Dataset content:
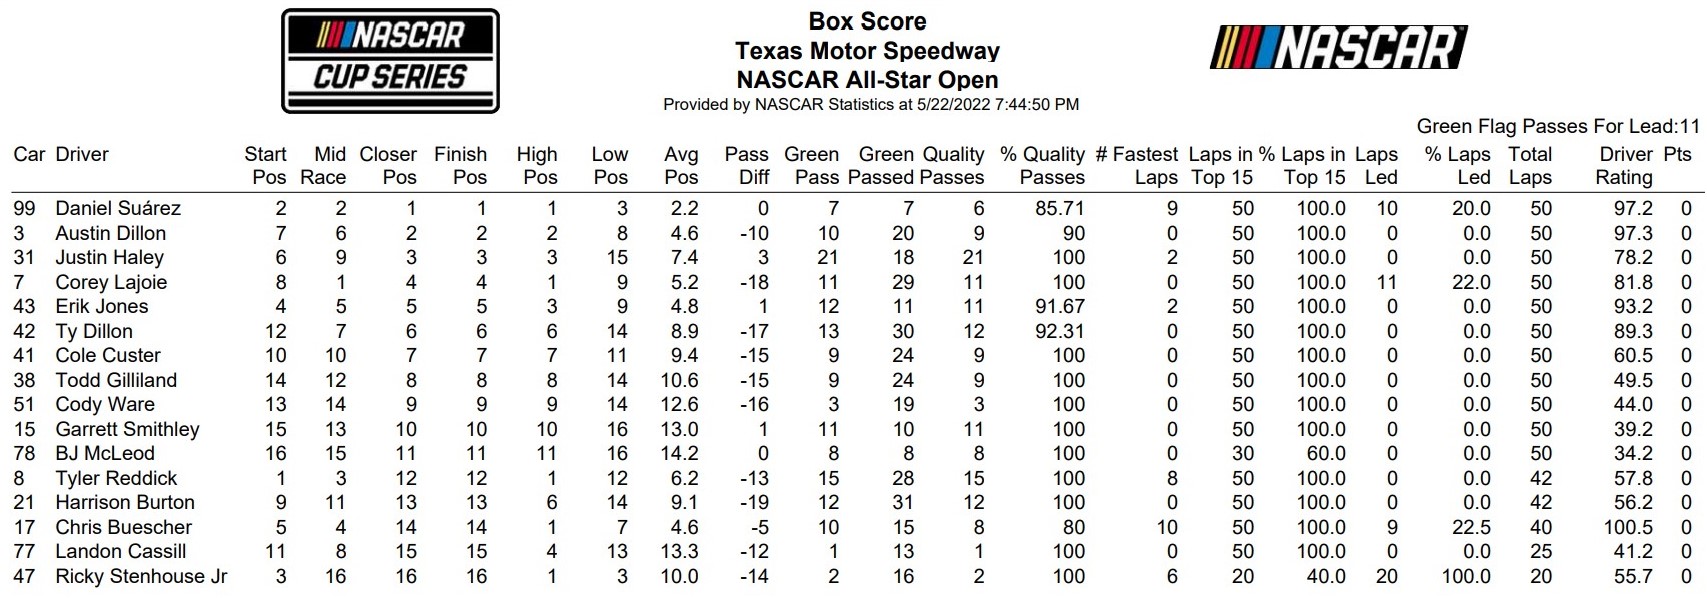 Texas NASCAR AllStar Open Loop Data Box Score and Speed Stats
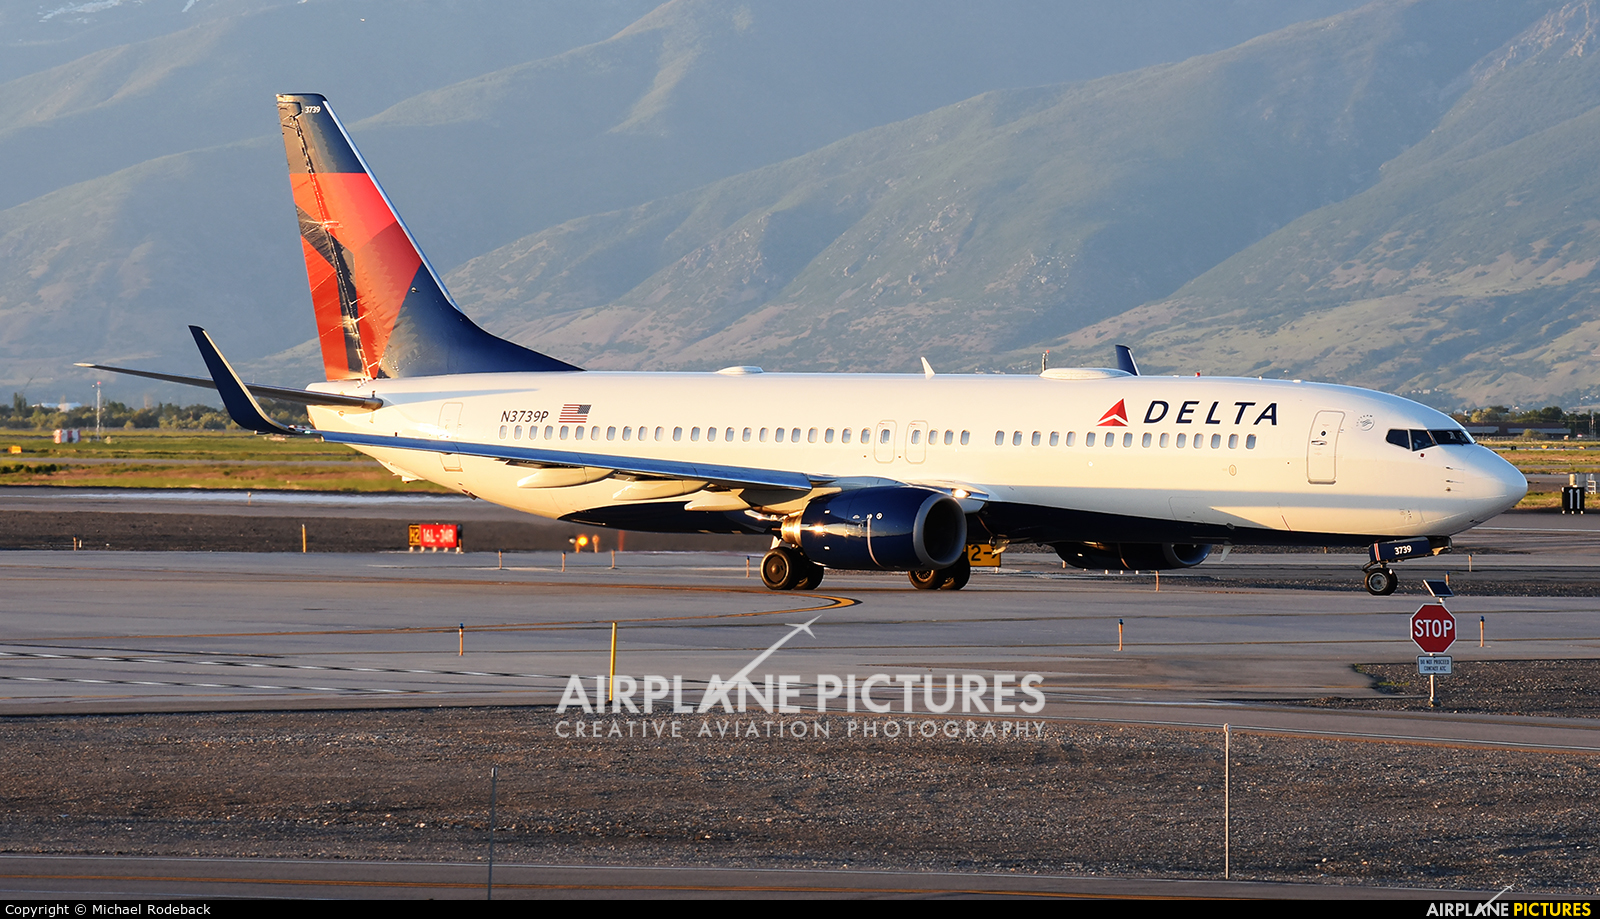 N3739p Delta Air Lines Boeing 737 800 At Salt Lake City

==

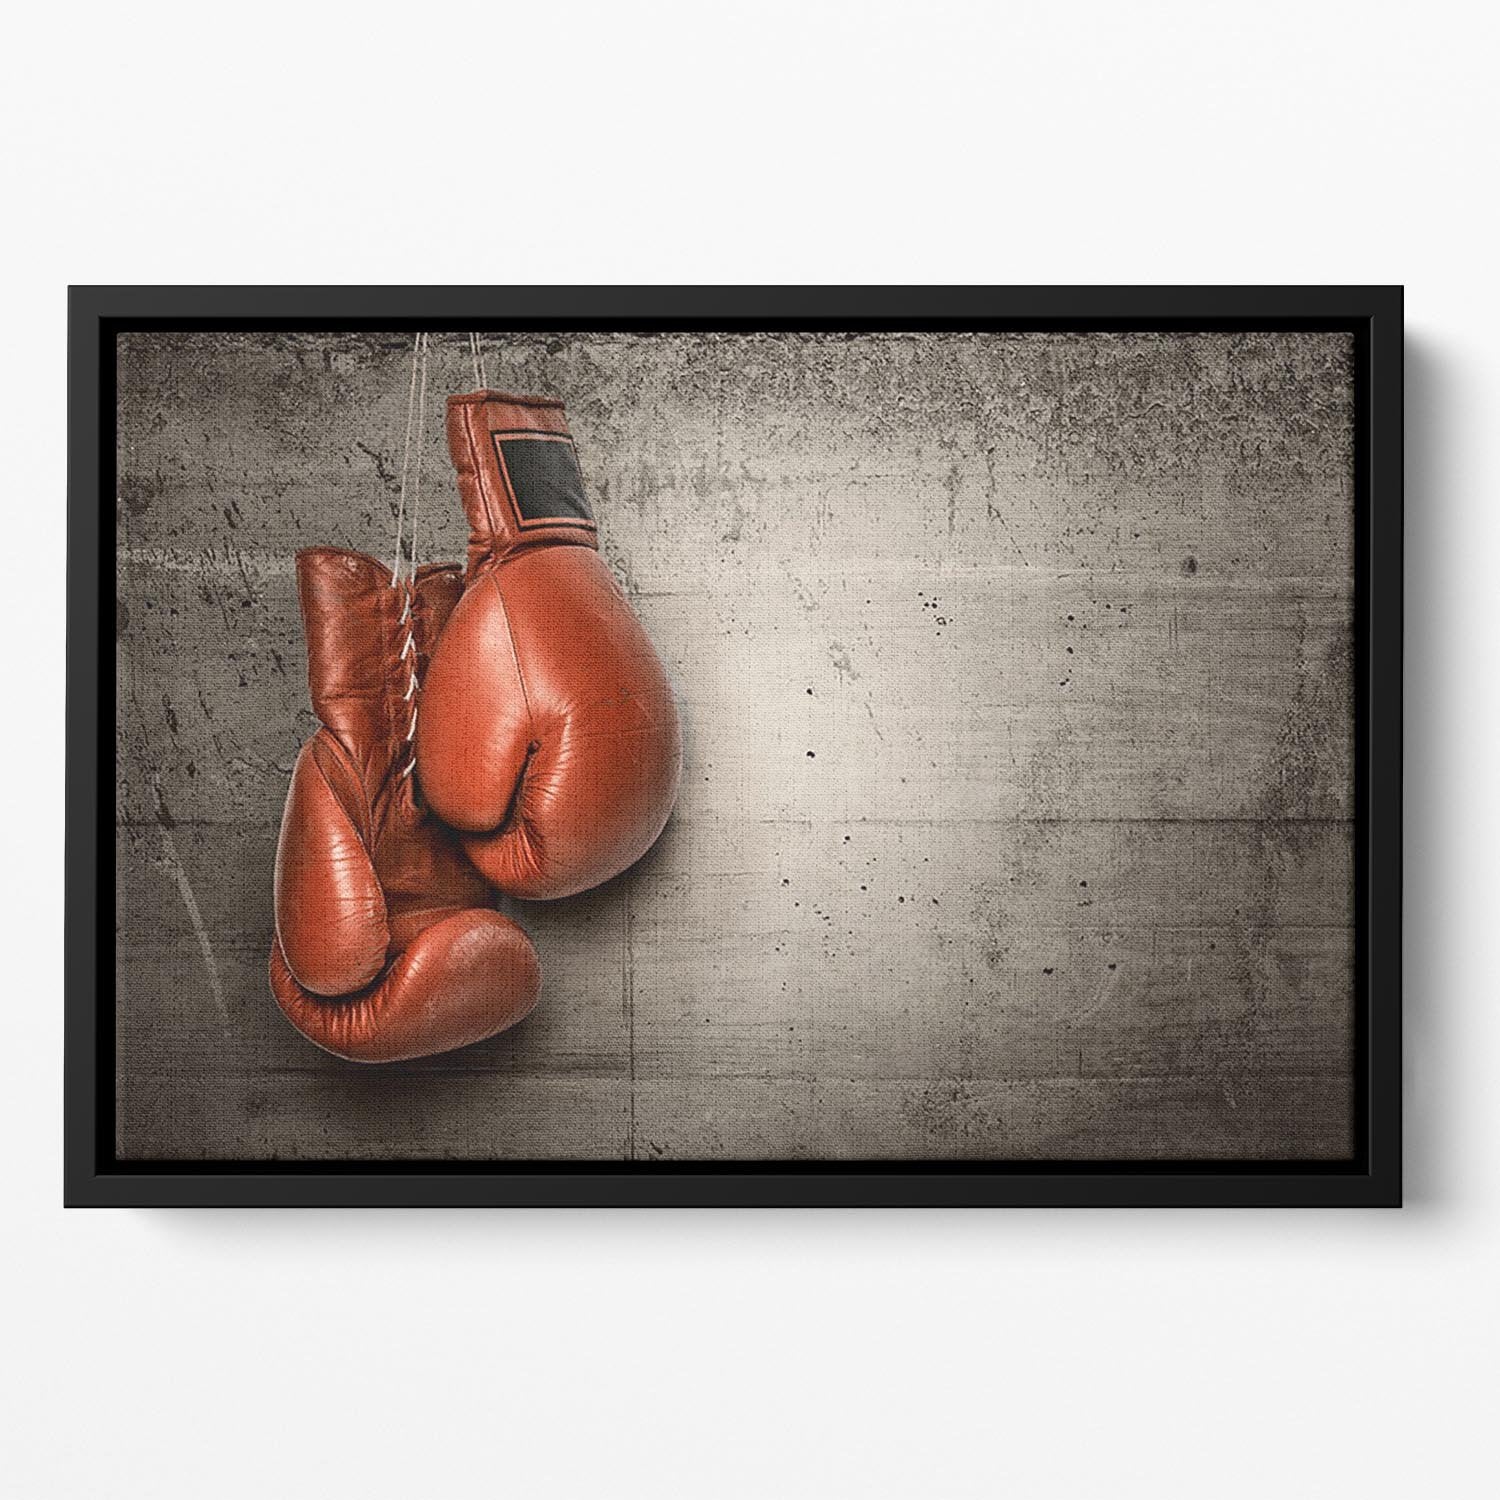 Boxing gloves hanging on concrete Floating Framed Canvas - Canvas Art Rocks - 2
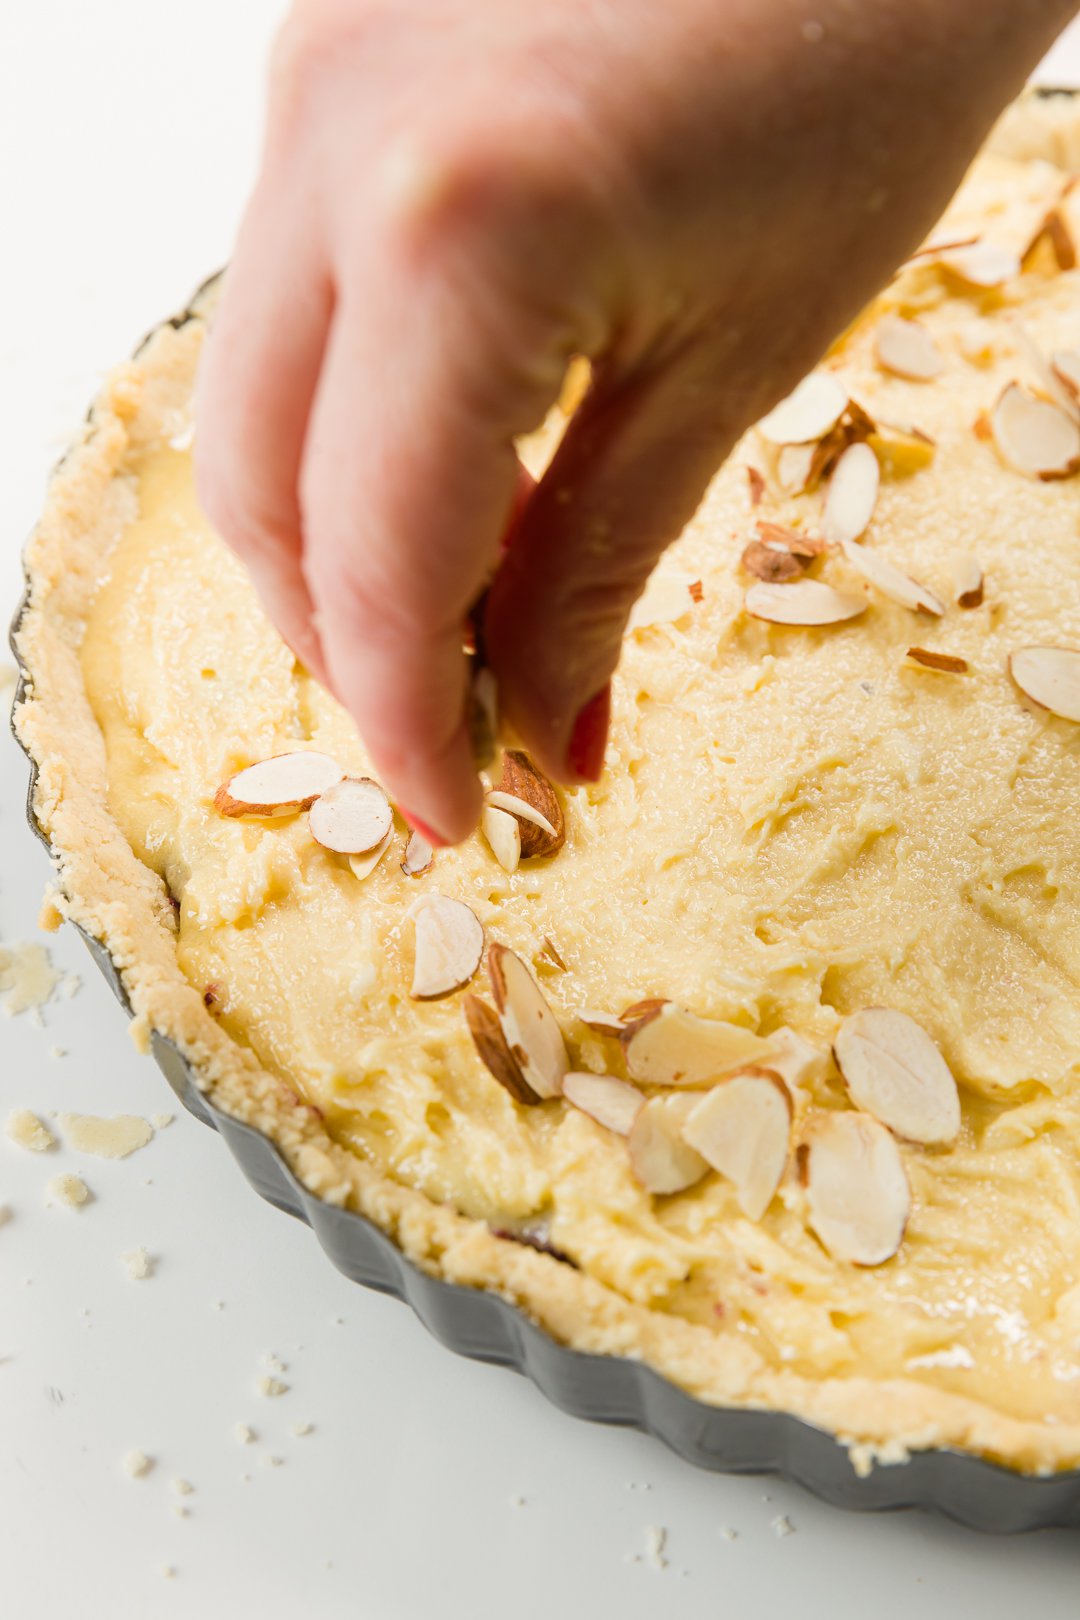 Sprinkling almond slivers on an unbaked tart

Task requirements: Up in the listing, locate the line with "Texas NASCAR AllStar"; print it and every line after it down to the line with "N3739p Delta Air", which is included too. Skip the pictures.

Answer to this task:
 Texas NASCAR AllStar Open Loop Data Box Score and Speed Stats
 N3739p Delta Air Lines Boeing 737 800 At Salt Lake City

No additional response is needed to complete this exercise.